Your objective: In the data below, find the line that contains "Building the Printer" and the line that contains "Breeder and sportsman". Copy both, plus every line between them, exactly.

Data for processing:
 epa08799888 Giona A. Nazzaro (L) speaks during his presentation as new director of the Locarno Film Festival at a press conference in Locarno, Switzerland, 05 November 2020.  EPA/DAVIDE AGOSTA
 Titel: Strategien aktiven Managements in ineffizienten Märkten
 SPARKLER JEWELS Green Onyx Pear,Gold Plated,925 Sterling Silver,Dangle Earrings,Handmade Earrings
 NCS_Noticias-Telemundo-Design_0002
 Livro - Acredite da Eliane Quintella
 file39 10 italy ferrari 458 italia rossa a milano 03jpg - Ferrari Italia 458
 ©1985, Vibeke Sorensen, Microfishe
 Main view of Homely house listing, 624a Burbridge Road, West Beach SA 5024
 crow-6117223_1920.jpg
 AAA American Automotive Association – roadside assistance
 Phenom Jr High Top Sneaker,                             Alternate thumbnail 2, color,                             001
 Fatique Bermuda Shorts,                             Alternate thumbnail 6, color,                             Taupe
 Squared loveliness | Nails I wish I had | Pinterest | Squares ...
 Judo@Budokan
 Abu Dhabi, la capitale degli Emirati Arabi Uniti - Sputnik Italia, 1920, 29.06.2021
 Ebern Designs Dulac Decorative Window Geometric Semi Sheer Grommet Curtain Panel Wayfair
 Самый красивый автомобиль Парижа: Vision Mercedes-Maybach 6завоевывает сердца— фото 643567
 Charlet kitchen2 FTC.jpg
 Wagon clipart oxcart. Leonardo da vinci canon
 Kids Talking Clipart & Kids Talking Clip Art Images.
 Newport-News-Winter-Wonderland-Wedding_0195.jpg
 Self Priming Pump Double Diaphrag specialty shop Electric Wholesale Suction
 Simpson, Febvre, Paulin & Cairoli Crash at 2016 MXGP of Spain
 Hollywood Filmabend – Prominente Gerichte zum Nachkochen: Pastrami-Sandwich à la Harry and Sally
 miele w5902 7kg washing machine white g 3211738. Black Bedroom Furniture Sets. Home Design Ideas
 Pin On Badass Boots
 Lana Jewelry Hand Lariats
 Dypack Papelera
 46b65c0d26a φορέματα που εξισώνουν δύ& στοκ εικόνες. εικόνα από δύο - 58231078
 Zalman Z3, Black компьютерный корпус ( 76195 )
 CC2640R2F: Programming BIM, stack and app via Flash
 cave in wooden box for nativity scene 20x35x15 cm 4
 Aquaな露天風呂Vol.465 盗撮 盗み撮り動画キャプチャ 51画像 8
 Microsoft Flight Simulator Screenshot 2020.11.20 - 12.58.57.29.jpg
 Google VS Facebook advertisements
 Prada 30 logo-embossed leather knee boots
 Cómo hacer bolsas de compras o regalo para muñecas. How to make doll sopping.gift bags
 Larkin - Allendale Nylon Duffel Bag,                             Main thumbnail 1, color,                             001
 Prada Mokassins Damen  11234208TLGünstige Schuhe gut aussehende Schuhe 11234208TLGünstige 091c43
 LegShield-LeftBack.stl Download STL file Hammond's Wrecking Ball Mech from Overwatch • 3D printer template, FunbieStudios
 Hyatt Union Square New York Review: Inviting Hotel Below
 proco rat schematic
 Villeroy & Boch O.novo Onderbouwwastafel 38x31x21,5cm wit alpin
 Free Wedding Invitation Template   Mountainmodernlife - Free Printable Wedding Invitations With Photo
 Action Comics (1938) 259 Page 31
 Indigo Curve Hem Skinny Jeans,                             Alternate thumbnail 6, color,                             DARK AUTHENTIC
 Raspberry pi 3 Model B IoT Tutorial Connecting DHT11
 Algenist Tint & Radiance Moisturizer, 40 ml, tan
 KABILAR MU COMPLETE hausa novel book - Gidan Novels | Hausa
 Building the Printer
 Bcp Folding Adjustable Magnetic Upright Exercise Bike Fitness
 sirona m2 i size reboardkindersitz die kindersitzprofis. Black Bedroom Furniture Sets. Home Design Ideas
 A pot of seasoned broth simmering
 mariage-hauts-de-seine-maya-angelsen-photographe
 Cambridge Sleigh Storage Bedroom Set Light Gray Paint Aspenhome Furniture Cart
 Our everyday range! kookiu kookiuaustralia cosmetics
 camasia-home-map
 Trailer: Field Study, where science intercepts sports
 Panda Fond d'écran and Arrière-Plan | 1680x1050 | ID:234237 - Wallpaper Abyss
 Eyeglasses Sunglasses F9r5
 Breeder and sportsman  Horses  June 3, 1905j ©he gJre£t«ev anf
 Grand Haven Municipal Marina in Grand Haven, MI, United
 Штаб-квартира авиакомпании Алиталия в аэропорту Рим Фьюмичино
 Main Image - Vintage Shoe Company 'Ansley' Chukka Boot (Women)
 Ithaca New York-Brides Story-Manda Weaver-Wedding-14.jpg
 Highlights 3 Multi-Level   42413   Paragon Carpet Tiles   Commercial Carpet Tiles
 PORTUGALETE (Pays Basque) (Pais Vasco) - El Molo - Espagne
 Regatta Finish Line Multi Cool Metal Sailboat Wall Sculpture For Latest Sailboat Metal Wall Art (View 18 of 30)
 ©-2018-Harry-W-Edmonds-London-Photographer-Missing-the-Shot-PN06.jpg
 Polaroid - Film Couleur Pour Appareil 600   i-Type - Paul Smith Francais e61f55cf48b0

Exercise solution:
 Building the Printer
 Bcp Folding Adjustable Magnetic Upright Exercise Bike Fitness
 sirona m2 i size reboardkindersitz die kindersitzprofis. Black Bedroom Furniture Sets. Home Design Ideas
 A pot of seasoned broth simmering
 mariage-hauts-de-seine-maya-angelsen-photographe
 Cambridge Sleigh Storage Bedroom Set Light Gray Paint Aspenhome Furniture Cart
 Our everyday range! kookiu kookiuaustralia cosmetics
 camasia-home-map
 Trailer: Field Study, where science intercepts sports
 Panda Fond d'écran and Arrière-Plan | 1680x1050 | ID:234237 - Wallpaper Abyss
 Eyeglasses Sunglasses F9r5
 Breeder and sportsman  Horses  June 3, 1905j ©he gJre£t«ev anf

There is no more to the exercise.